In [None]:
# Create PYMC model
# Despite altering the priors the estimates for Home theta and away theta
# This model struggled with convergence
# It may be becayse the attacking parameters are set around 25 and defence 0
# Regression seems to converge better when parameters centered around 0

import pymc as pm

# Create Model
with pm.Model() as model:
    # home advantage - changed this to Normal Distribution so could get prior predictive
    #home = pm.Flat("home")
    home = pm.Normal("home", 0, 10)

    # attack ratings for team - common mu and sd that all teams draw from
    atts_mu = pm.Normal("atts_mu", 25, 10)
    atts_sd = pm.HalfNormal("atts_sd", 10)
    atts = pm.Normal("atts", mu=atts_mu, sigma=atts_sd, shape=n_teams)

    # defence ratings for team - common mu and sd that all teams draw from
    defs_mu = pm.Normal("defs_mu", 0, 10)
    defs_sd = pm.HalfNormal("defs_sd", 10)
    defs = pm.Normal("defs", mu=defs_mu, sigma=defs_sd , shape=n_teams)

    # calulate theta - keep as positive - more positive will add more points
    home_theta = home + atts[home_team] + defs[away_team]
    away_theta = atts[away_team] + defs[home_team]

    #  Priors on sd - can this be edited to have a different one for each team
    sigma_home_points = pm.HalfNormal("sigma_home_points", sigma=10)
    sigma_away_points = pm.HalfNormal("sigma_away_points", sigma=10)

    # goal expectation - this doesn't go to Posterior like the rest
    home_points = pm.Truncated("home_points",
        pm.Normal.dist(mu=home_theta, sigma=sigma_home_points), lower=0,observed=home_score_arr)
    away_points = pm.Truncated("away_points",
        pm.Normal.dist(mu=away_theta, sigma=sigma_away_points), lower=0,observed=away_score_arr)
    

# Get prior predictive model
with model:
    prior_samples = pm.sample_prior_predictive(1000)








In [None]:
# Create PYMC model
# Despite altering the priors the estimates for Home theta and away theta

import pymc as pm

# Create Model
with pm.Model() as model:
    # home advantage - changed this to Normal Distribution so could get prior predictive
    home = pm.Normal("home", 0, 0.1)

    # attack ratings for team - common mu and sd that all teams draw from
    atts_mu = pm.Normal("atts_mu", 0, 0.01)
    atts_sd = pm.HalfNormal("atts_sd", 0.01)
    atts = pm.Normal("atts", mu=atts_mu, sigma=atts_sd, shape=n_teams)
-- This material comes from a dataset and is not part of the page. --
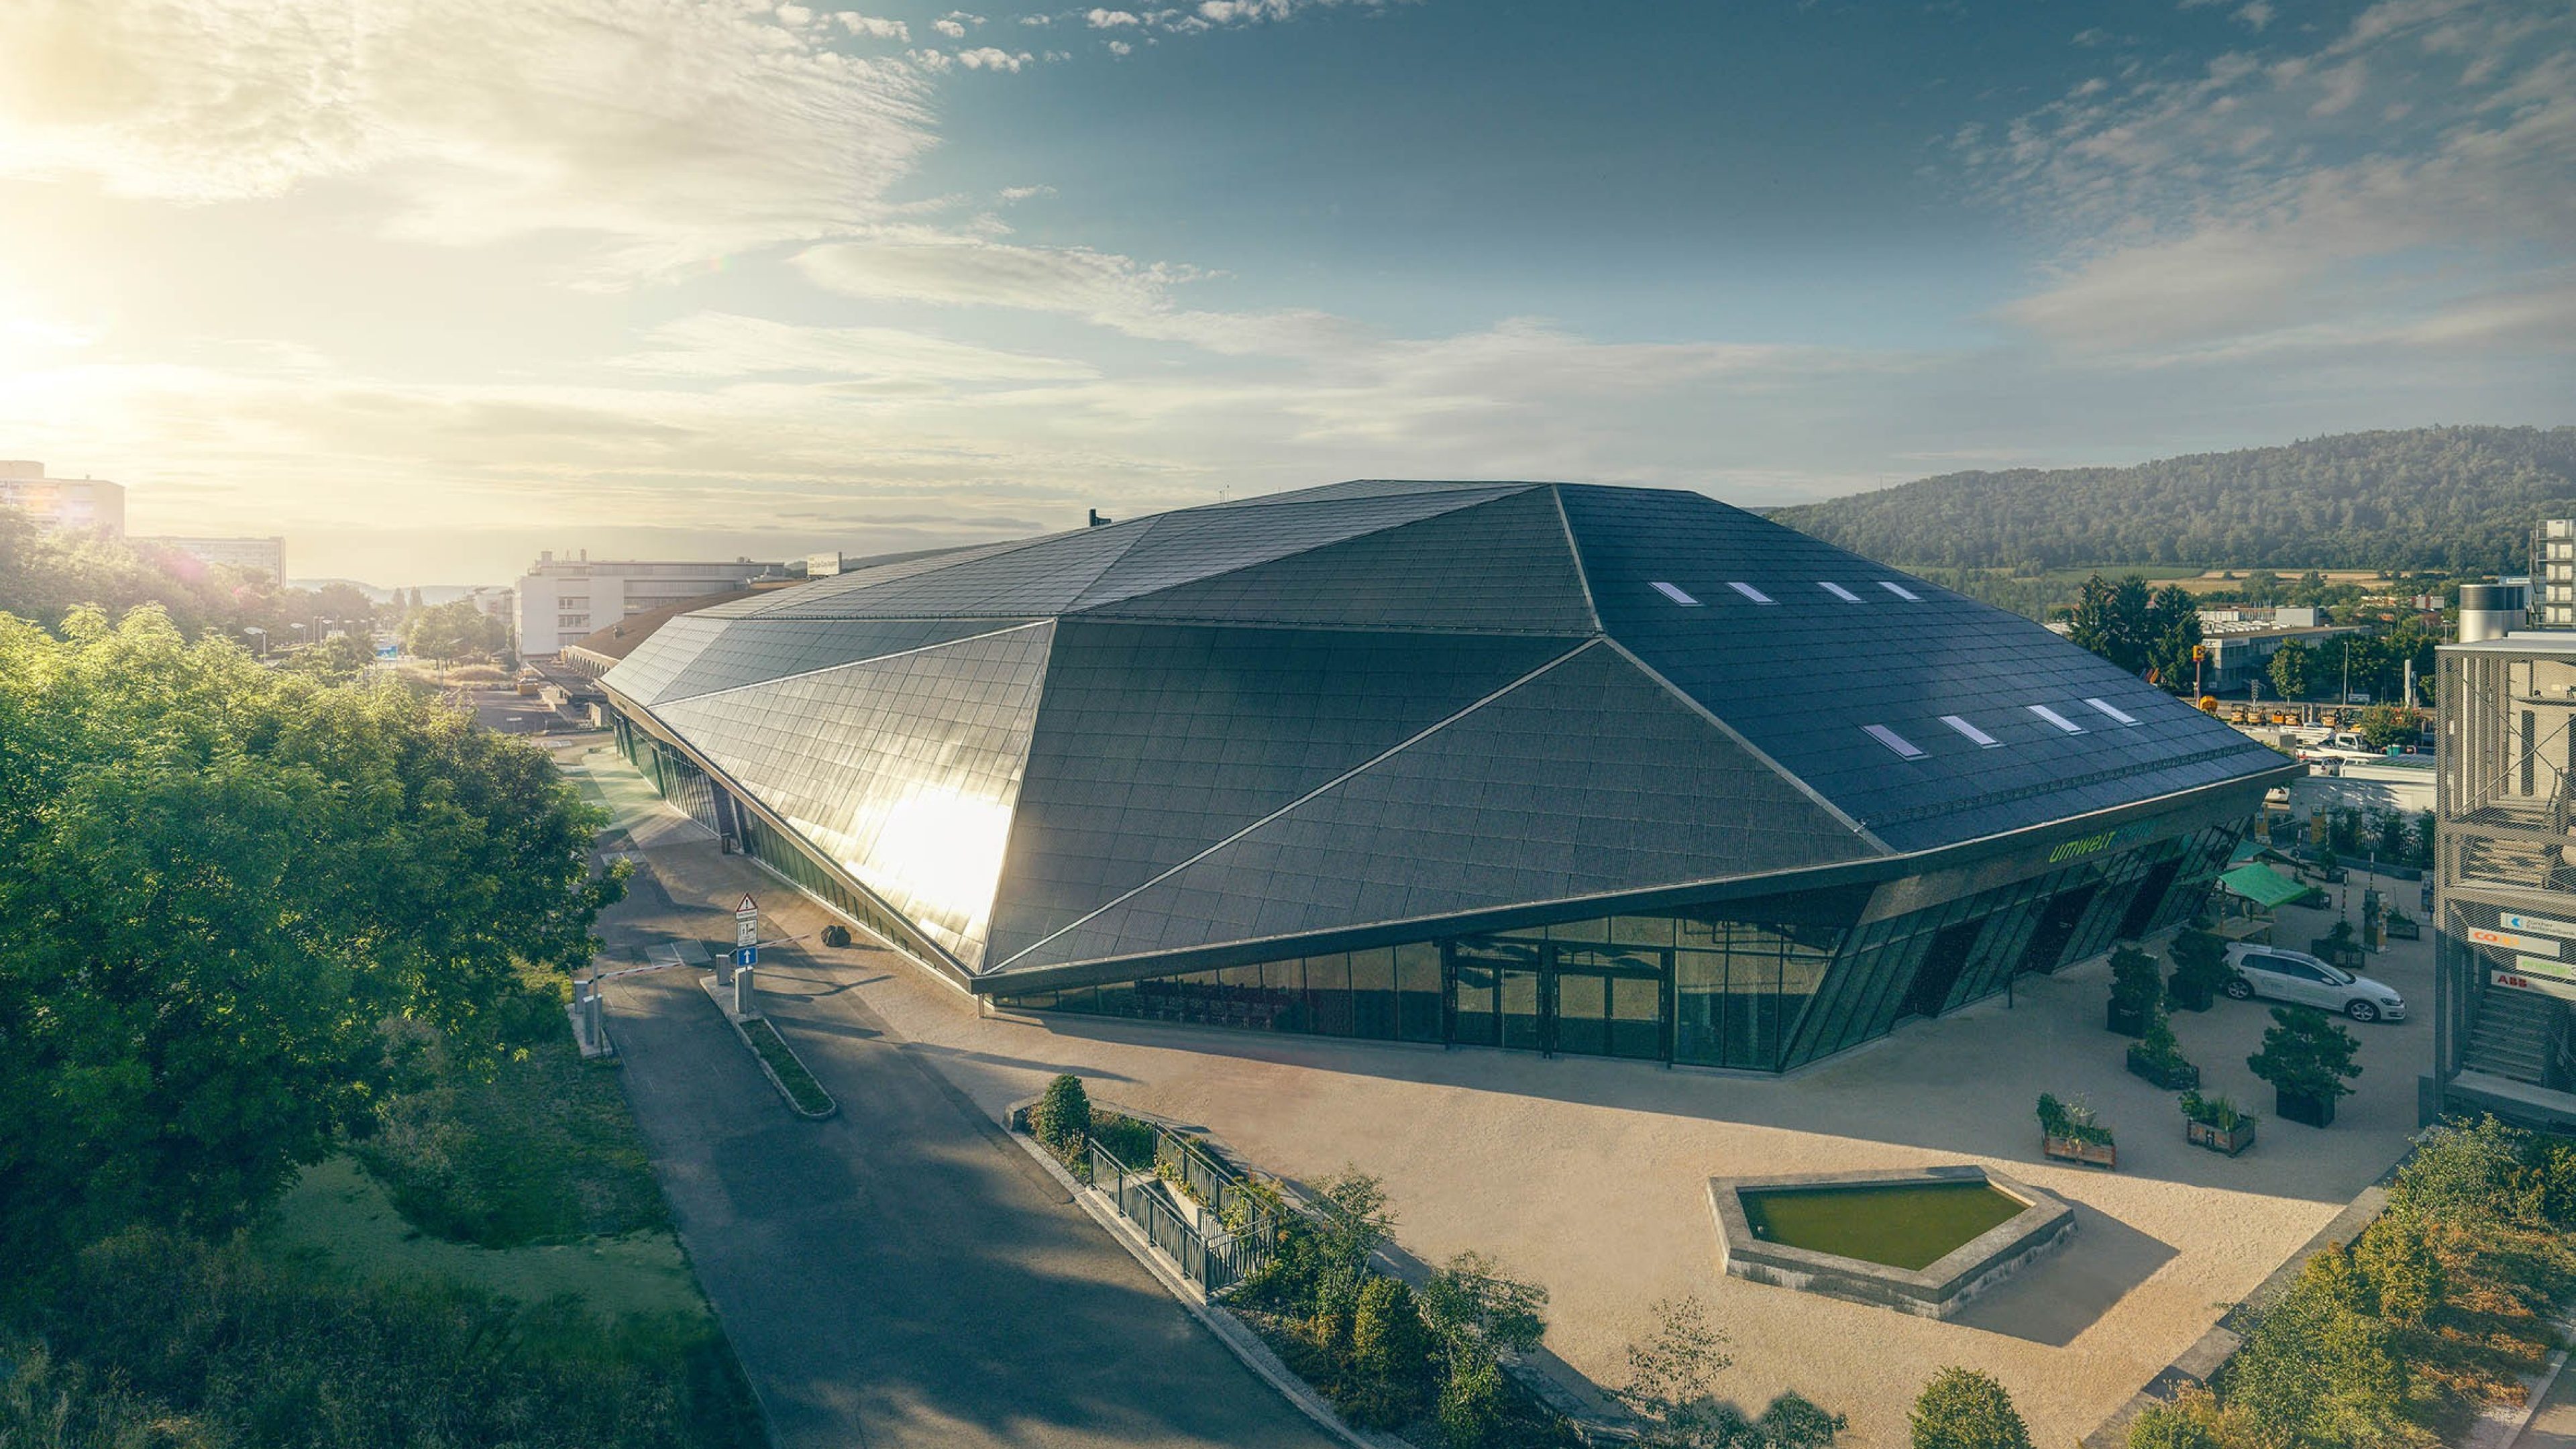 Vista dall'alto dell'Umwelt Arena con il suo grande tetto solare.

    # defence ratings for team - common mu and sd that all teams draw from
    defs_mu = pm.Normal("defs_mu", 0, 0.01)
    defs_sd = pm.HalfNormal("defs_sd", 0.01)
    defs = pm.Normal("defs", mu=defs_mu, sigma=defs_sd , shape=n_teams)

    # calulate theta 
    # There is exponential growth in away theta - this caused issues
    home_theta = pm.math.exp(home + atts[home_team] + defs[away_team])
    away_theta = pm.math.exp(atts[away_team] + defs[home_team])

    # Register away_theta and home_theta as a deterministic variable
    away_theta_det = pm.Deterministic("away_theta", away_theta)
    home_theta_det = pm.Deterministic("home_theta", away_theta)
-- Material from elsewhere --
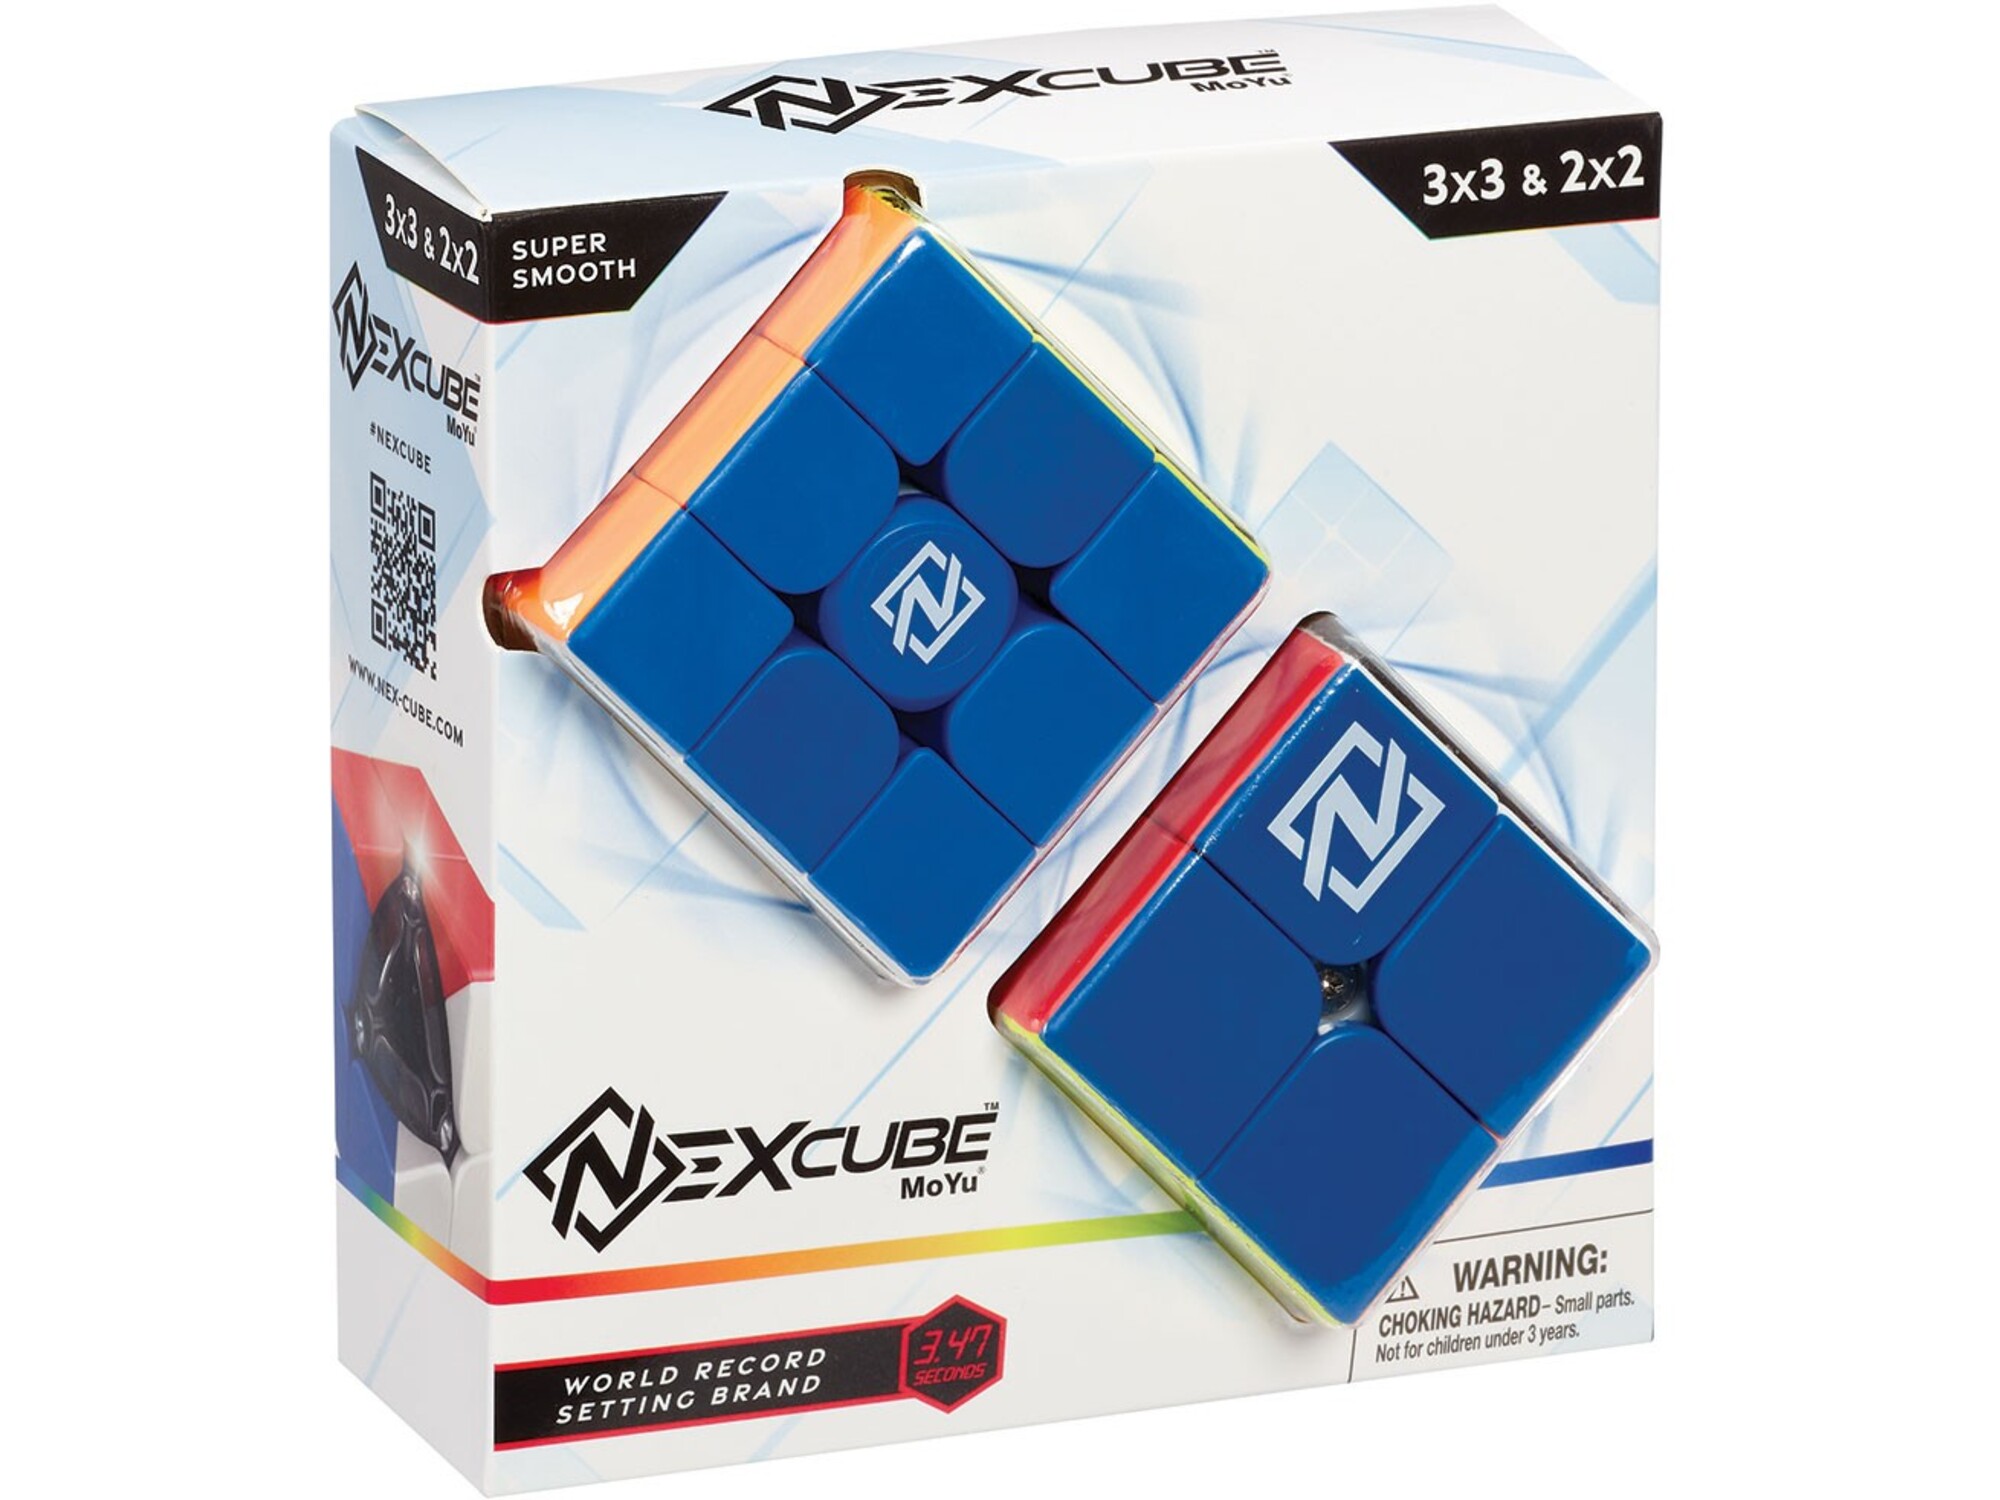 NEXCUBE miselna igra kocka 2x2 in 3x3

    #  Priors on sd - can this be edited to have a different one for each team
    sigma_home_points = pm.HalfNormal("sigma_home_points", sigma=1)
    sigma_away_points = pm.HalfNormal("sigma_away_points", sigma=1)

    # goal expectation - this doesn't go to Posterior like the rest
    home_points = pm.Truncated("home_points",
        pm.Normal.dist(mu=home_theta, sigma=sigma_home_points), lower=0,observed=home_score_arr)
    away_points = pm.Truncated("away_points",
        pm.Normal.dist(mu=away_theta, sigma=sigma_away_points), lower=0,observed=away_score_arr)
    
    
    # Get some prior samples
    prior_samples = pm.sample_prior_predictive(1000)
    


# Plot chart
import matplotlib.pyplot as plt
import arviz as az

# The below range looks more appropriate - however there is still negative values

set_obs_number = 1

# Extract the value for the line from away_score_arr[0]
value = away_score_arr[set_obs_number]

# Plot simulated values for first observation
az.plot_dist(
    prior_samples.prior_predictive['away_points'][:,:,set_obs_number].values,
    kind="hist",
    hist_kwargs={"alpha": 0.6},
    label="simulated",
)

# Add a vertical line for away_score_arr[0]
plt.axvline(x=value, color='red', linestyle='--', label=f"Actual data")

# Add labels and legend
plt.xlabel("Away Points")
plt.ylabel("Frequency")
plt.legend()
plt.title(f"Actual data: {value}")
plt.show()


# Plot simulated values for Away theta for first observation
# This value is far too wide - need a smaller sd of the mean
az.plot_dist(
    prior_samples.prior["away_theta"][:,:,set_obs_number].values,
    kind="hist",
    hist_kwargs={"alpha": 0.6},
    label="simulated",
)
plt.xlabel("Away theta")
plt.title("Away theta simulated for 1 obs")
plt.show()


# Plot all observations
# Plot simulated values for first observation
az.plot_dist(
    prior_samples.prior_predictive['away_points'][:,:,set_obs_number].values,
    kind="hist",
    hist_kwargs={"alpha": 0.6,"density": True},
    label="simulated",
)

az.plot_dist(
    away_score_arr,
    kind="hist",
    color="C1",
    hist_kwargs={"alpha": 0.6,"density": True},
    label="Actual",
)


# Add labels and legend
plt.title("All obs")
plt.xlabel("Away Points")
plt.ylabel("Frequency")
plt.legend()
plt.show()





In [None]:
# Create PYMC model
# Despite altering the priors the estimates for Home theta and away theta

import pymc as pm

# Create Model
with pm.Model() as model:
    
    # home advantage - changed this to Normal Distribution so could get prior predictive
    home = pm.Normal("home", 0, 0.1)

    # attack ratings for team 
    atts_mu = pm.Normal("atts_mu", 0, 1)
    atts_sd = pm.HalfNormal("atts_sd", 0.1)
    atts = pm.Normal("atts", mu=atts_mu, sigma=atts_sd, shape=n_teams)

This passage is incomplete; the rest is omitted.